I will be the first person to admit that custom error pages delivered via HTAccess are like, totally radical and everything; but honestly, I don’t think they are always necessary. Here at Perishable Press, I employed a nice set of custom error pages for the longest time. Each of these custom error pages would then immediately redirect to a brief article that further explained the situation. Up until not too long ago, these myriad redirects were not a problem, however, once the site began to attract more attention, the number of HTTP errors began to climb. Especially since getting serious about security, the vast number of blocked cracker exploits has greatly increased the number of generated 403 Error errors. Thus, in an effort to trim bandwidth and improve performance, I decided to remove all custom error pages, fancy redirects, whatever — visitors now get the server defaults, and that’s just fine with me ;)

# CUSTOM ERROR PAGES > 512 BYTES
ErrorDocument 400 /errors/400.html
ErrorDocument 401 /errors/401.html
ErrorDocument 403 /errors/403.html
ErrorDocument 404 /errors/404.html
ErrorDocument 500 /errors/500.html

..and I have been happy ever since. Another piece of pointless code (in my opinion) is this popular little nugget:

# FIX BASIC SPELING ERRORS
<IfModule mod_speling.c>
 CheckSpelling On
</IfModule>

Frankly, I have never seen evidence of this working.
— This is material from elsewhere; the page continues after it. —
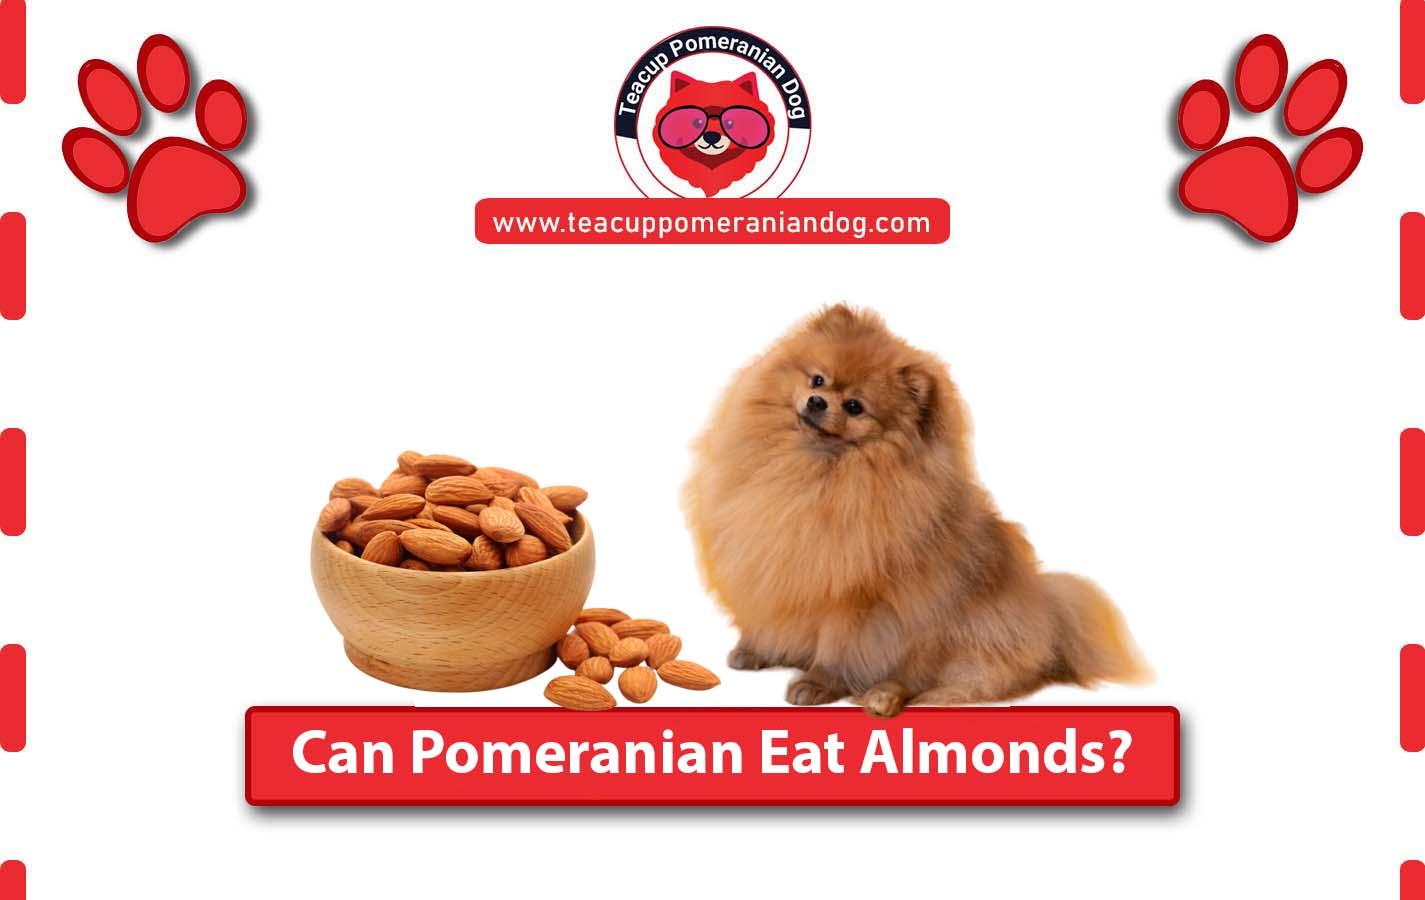 Can Pomeranian Eat Almonds

How effective is a misspelled spelling checker, anyway? Until someone proves otherwise, this code is simply not worthwhile.

Step 4: Consolidate Similar Code

Before this year’s HTAccess spring cleaning festival, I had amassed a significant collection of individual file-protection rules, similar to the following:

# PROTECT PRIVATE FILES
<Files errors.log>
 order allow,deny
 deny from all
</files>

<Files stats.log>
 order allow,deny
 deny from all
</files>

<Files crawl.log>
 order allow,deny
 deny from all
</files>

<Files admin.dat>
 order allow,deny
 deny from all
</files>

<Files trap.dat>
 order allow,deny
 deny from all
</files>

Too much! Once I took the time to examine these rules, I noticed that the first three files each have a .log extension, while the last two files each have a .dat extension 1. With a little pattern matching, I consolidated the 21 lines of code into five:

# PROTECT PRIVATE FILES
<Files ~ "^.*\.([Ll][Oo][Gg]|[Dd][Aa][Tt])">
 order allow,deny
 deny from all
</Files>

This is the part where everyone “oooohhs” and “aaahhhs” in perfect unison ;)

Step 5: Improve Existing Code

One important area to focus on while cleaning up your HTAccess files involves anything security-related. For example, in a previous article, I discussed several common ways to protect your site’s HTAccess files. The article concludes with an optimal protection technique that uses strong pattern matching to prevent external access. Following my own advice, I replaced this sad little weakling:

# WEAK HTACCESS PROTECTION
<Files .htaccess>
 order allow,deny
 deny from all
</Files>

..with this much-stronger protective measure:

# STRONG HTACCESS PROTECTION
<Files ~ "^.*\.([Hh][Tt][Aa])">
 order allow,deny
 deny from all
</Files>

Step 6: Miscellaneous Changes

Finally, here are a few miscellaneous root-HTAccess ommissions, expained via their associated comments:

# SITEMAP REDIRECTS (NO LONGER NECESSARY)
redirect 301 /press/sitemap.xml.gz http://perishablepress.com/sitemap.xml.gz
redirect 301 /press/sitemap.xml    http://perishablepress.com/sitemap.xml

# ROBOTS.TXT REDIRECT (NO LONGER NECESSARY)
redirect 301 /press/robots.txt http://perishablepress.com/robots.txt

# REDIRECT FUDGED EXTERNAL LINKS (NO LONGER CARE)
redirect 301 /,  http://perishablepress.com/
redirect 301 /$1 http://perishablepress.com/

# MINIMALIST THEME REDIRECTS (NO LONGER NECESSARY)
redirect 301 / minimalist.php http://perishablepress.com/
redirect 301 / default.php    http://perishablepress.com/

# PRE-3G BLACKLIST EFFORT (RESOLVED VIA 3G BLACKLIST)
<IfModule mod_alias.c>
 redirectmatch 301 \.\.\. http://perishablepress.com/
 redirectmatch 301 \/\,   http://perishablepress.com/
</IfModule>

Slow Down..

Hold up there, partner! — We’re not done yet! Stay tuned for the second part of this incredibly fascinating voyage — Perishable Press HTAccess Spring Cleaning, Part 2 — coming up next week!

Footnote:

  • 1 Note that the real file names have been changed for security reasons.